» ACTIVITY
Once the pictures are removed, restate the listing word for word.

» DATA SECTION
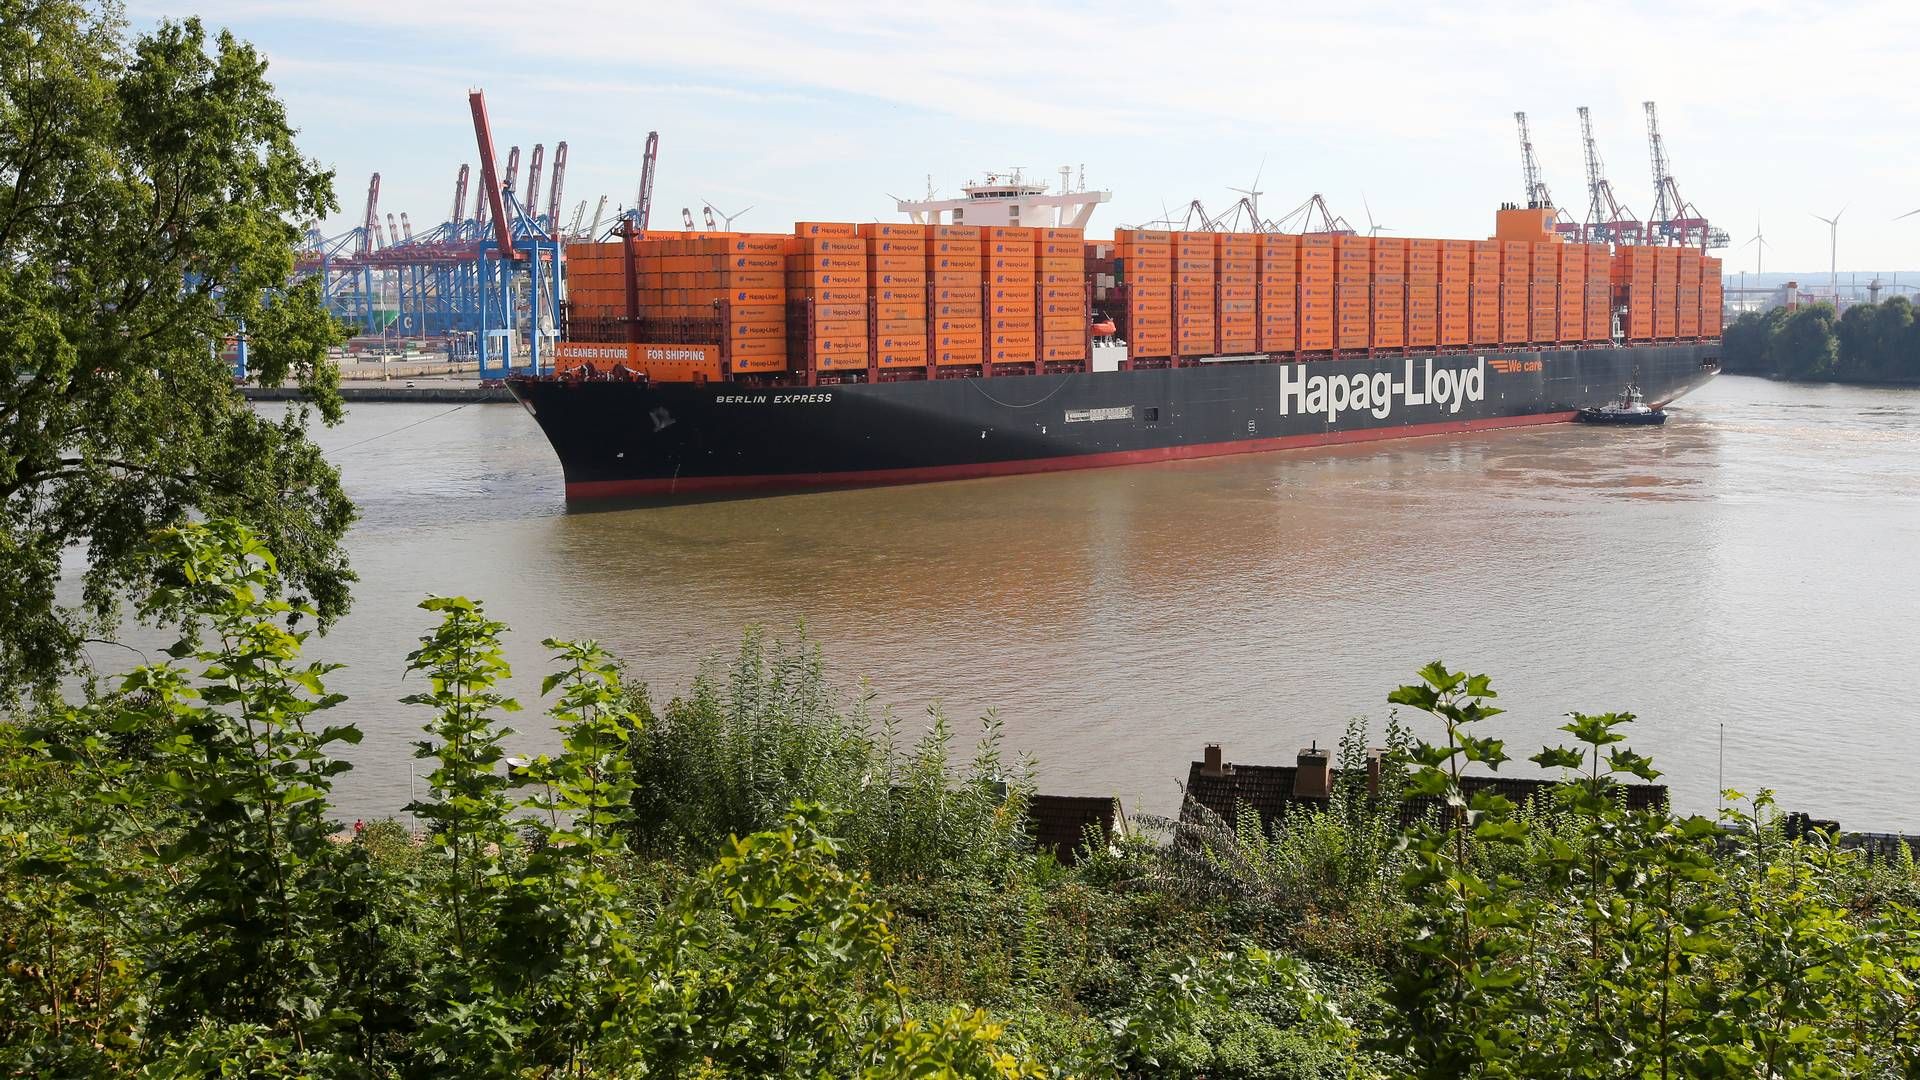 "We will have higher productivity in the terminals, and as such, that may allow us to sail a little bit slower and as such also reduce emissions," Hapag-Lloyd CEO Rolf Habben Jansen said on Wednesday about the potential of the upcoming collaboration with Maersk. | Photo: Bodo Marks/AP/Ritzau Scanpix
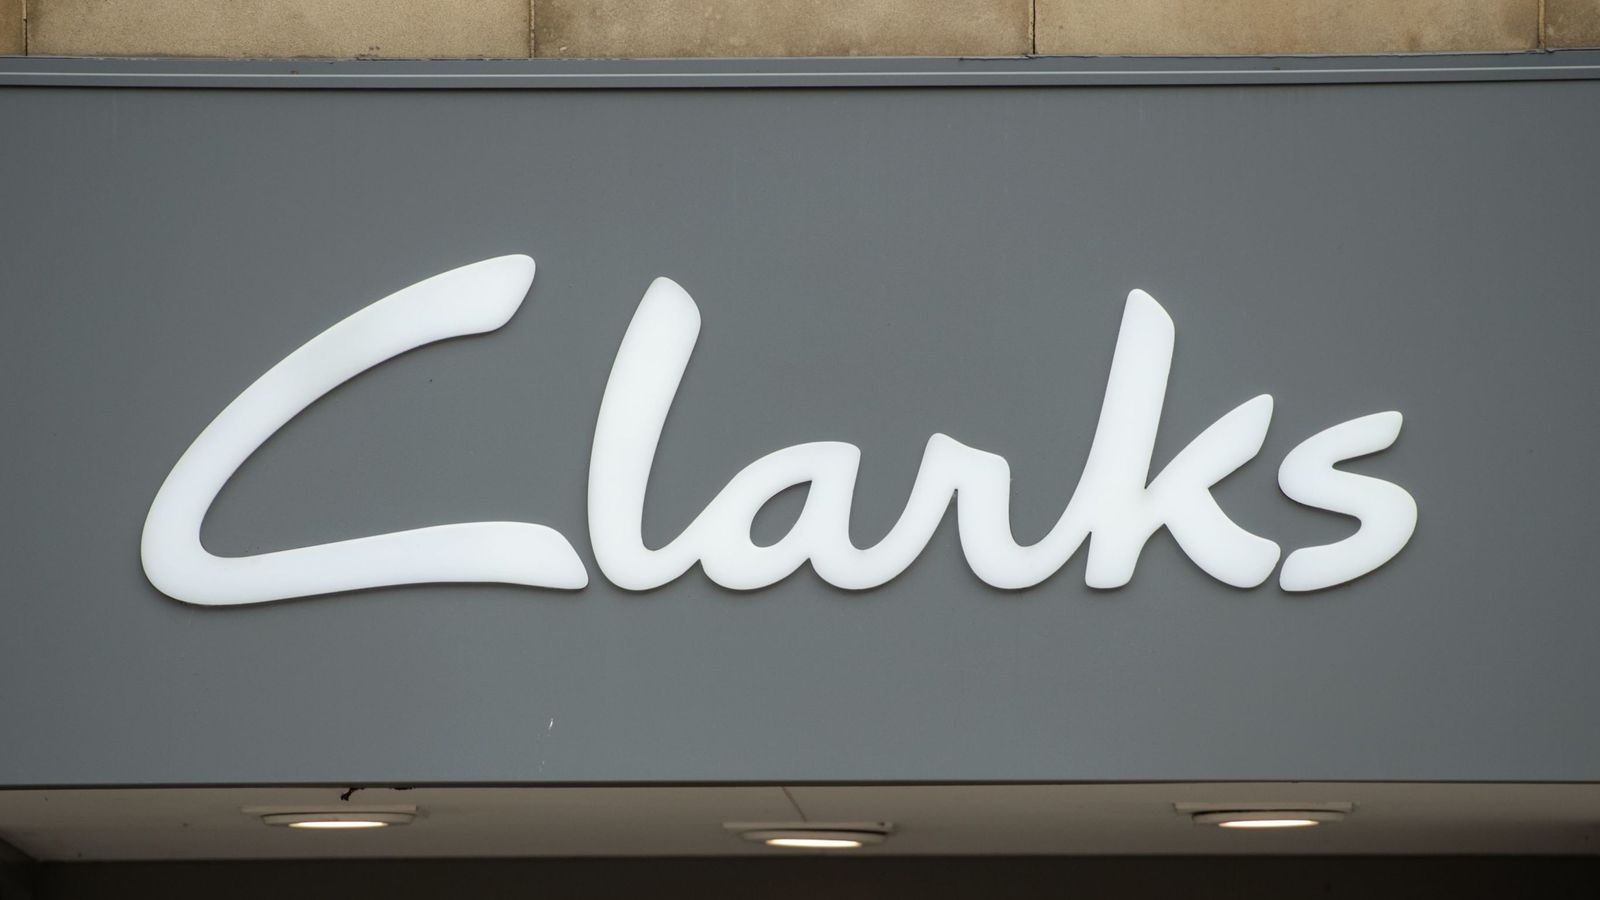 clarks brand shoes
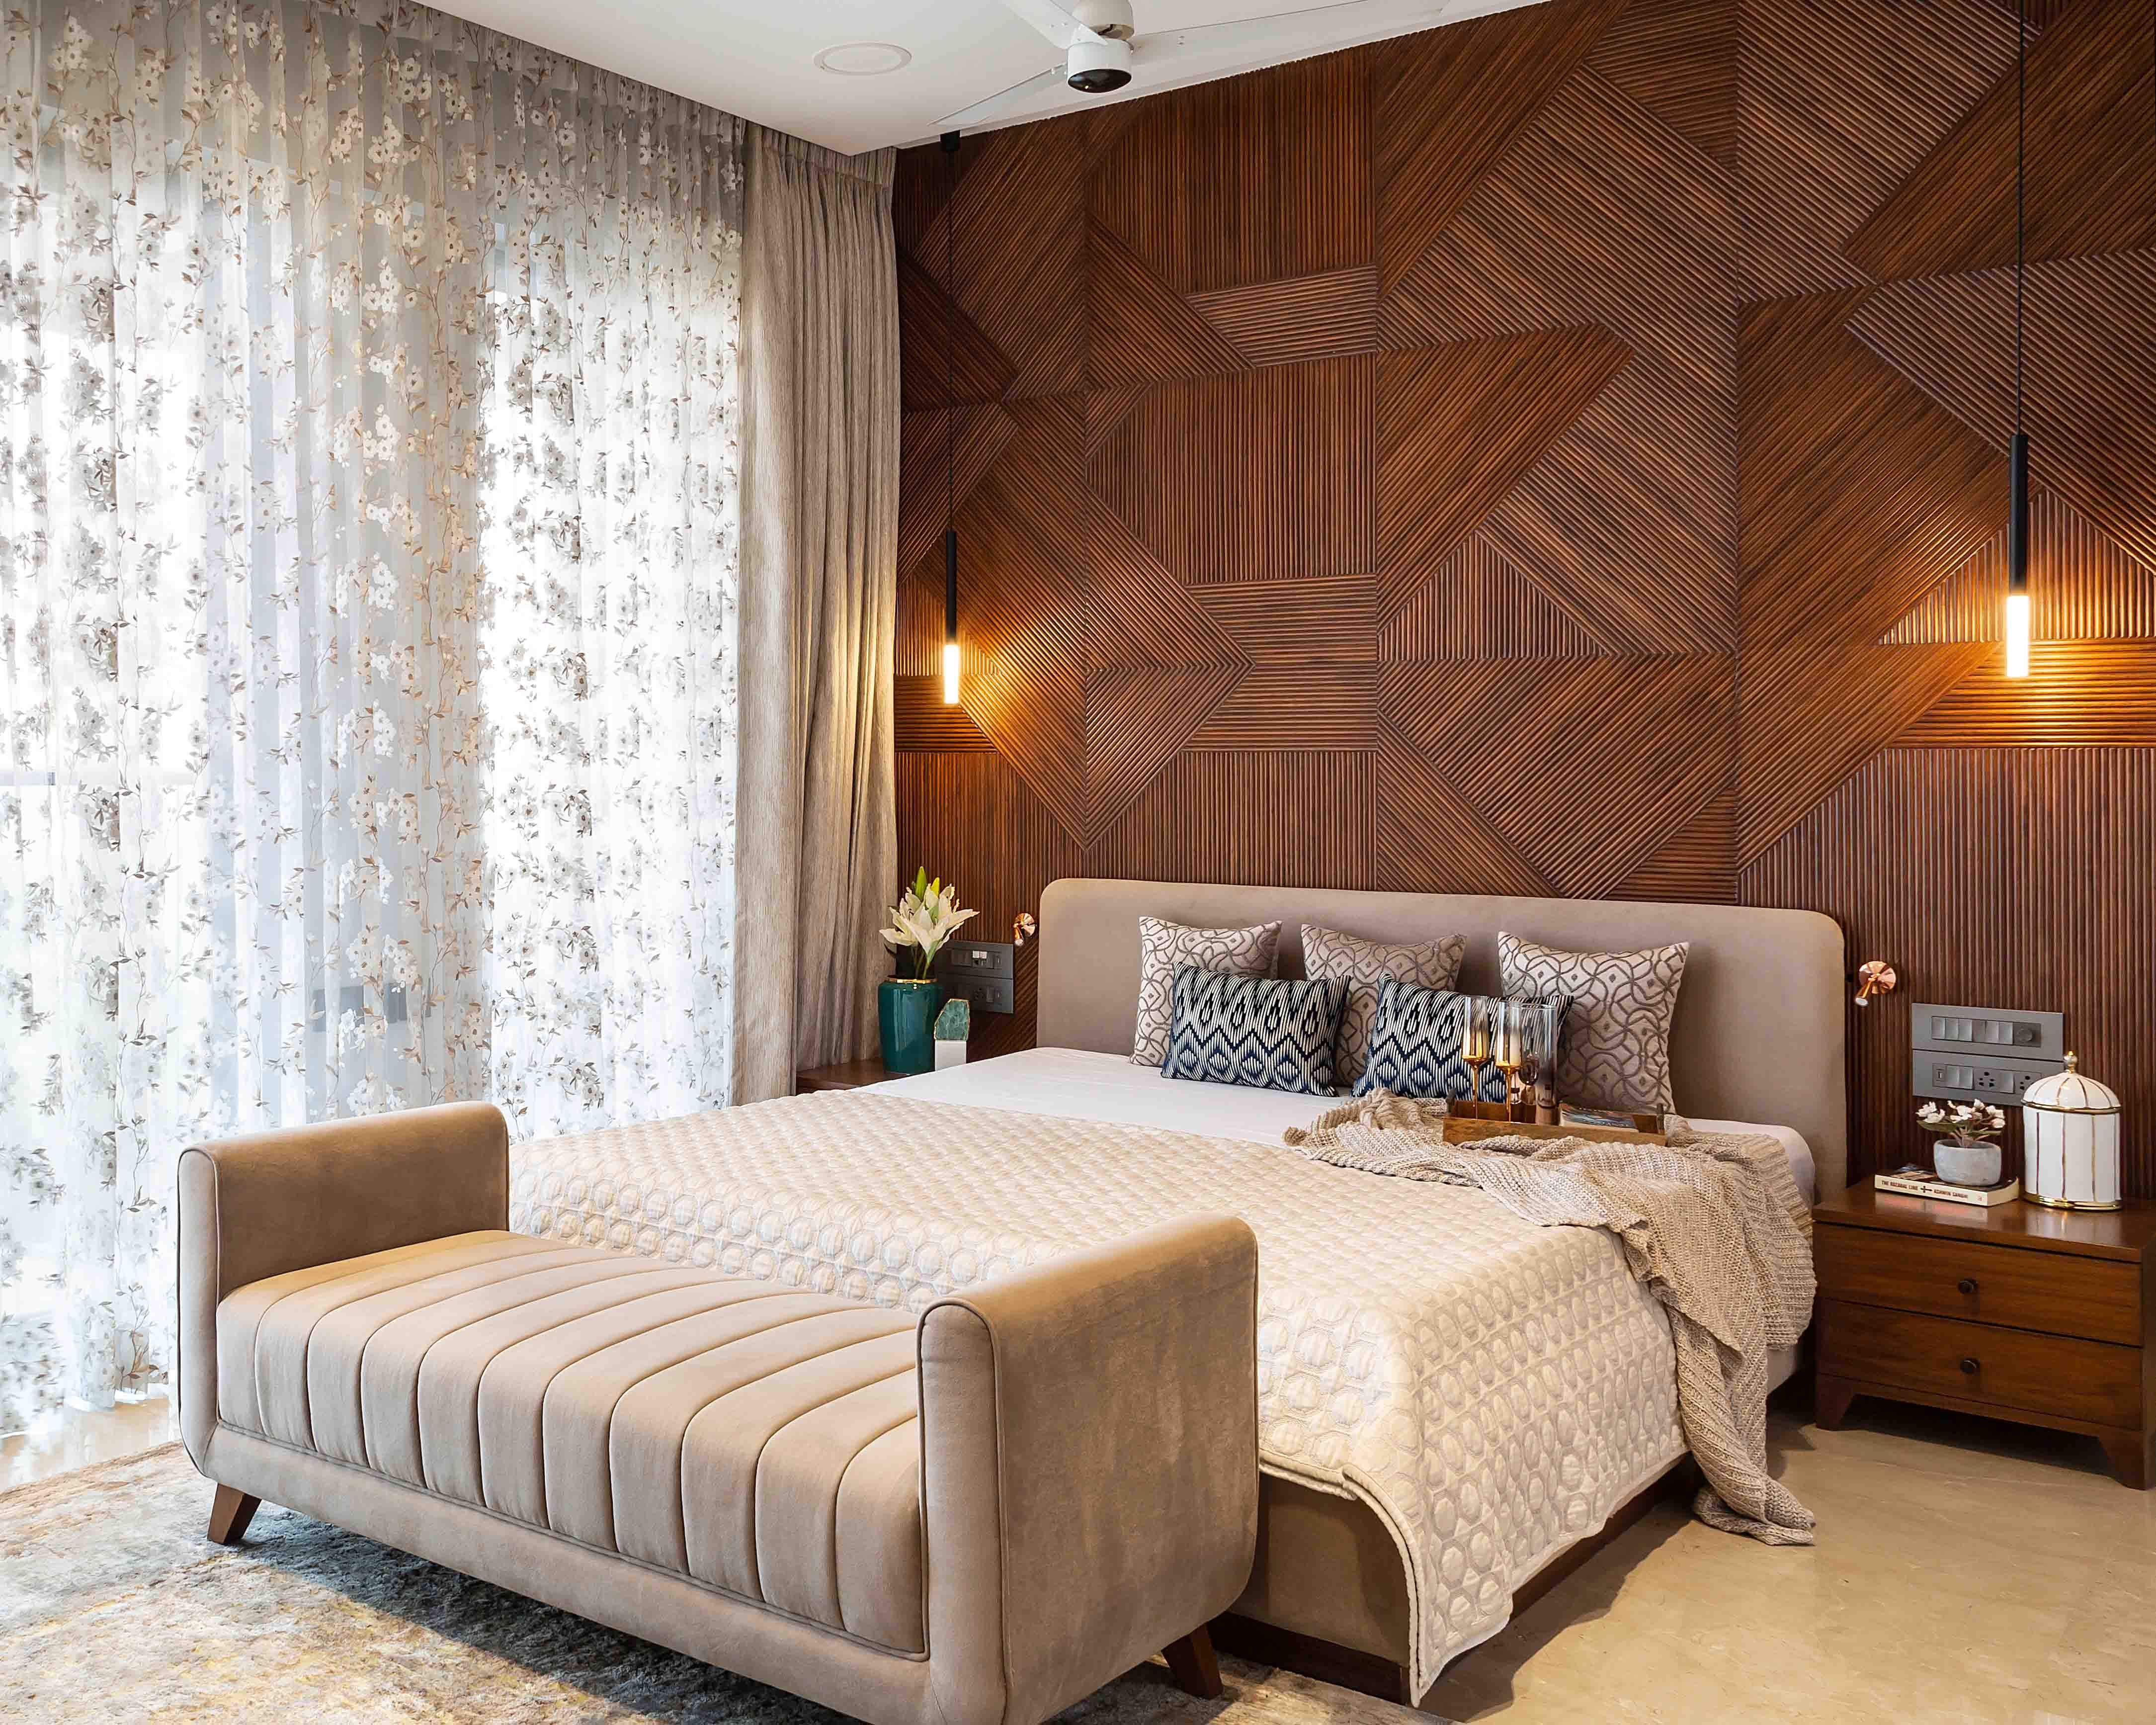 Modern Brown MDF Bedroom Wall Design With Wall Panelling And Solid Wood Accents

» REPLY
 "We will have higher productivity in the terminals, and as such, that may allow us to sail a little bit slower and as such also reduce emissions," Hapag-Lloyd CEO Rolf Habben Jansen said on Wednesday about the potential of the upcoming collaboration with Maersk. | Photo: Bodo Marks/AP/Ritzau Scanpix
 clarks brand shoes
 Modern Brown MDF Bedroom Wall Design With Wall Panelling And Solid Wood Accents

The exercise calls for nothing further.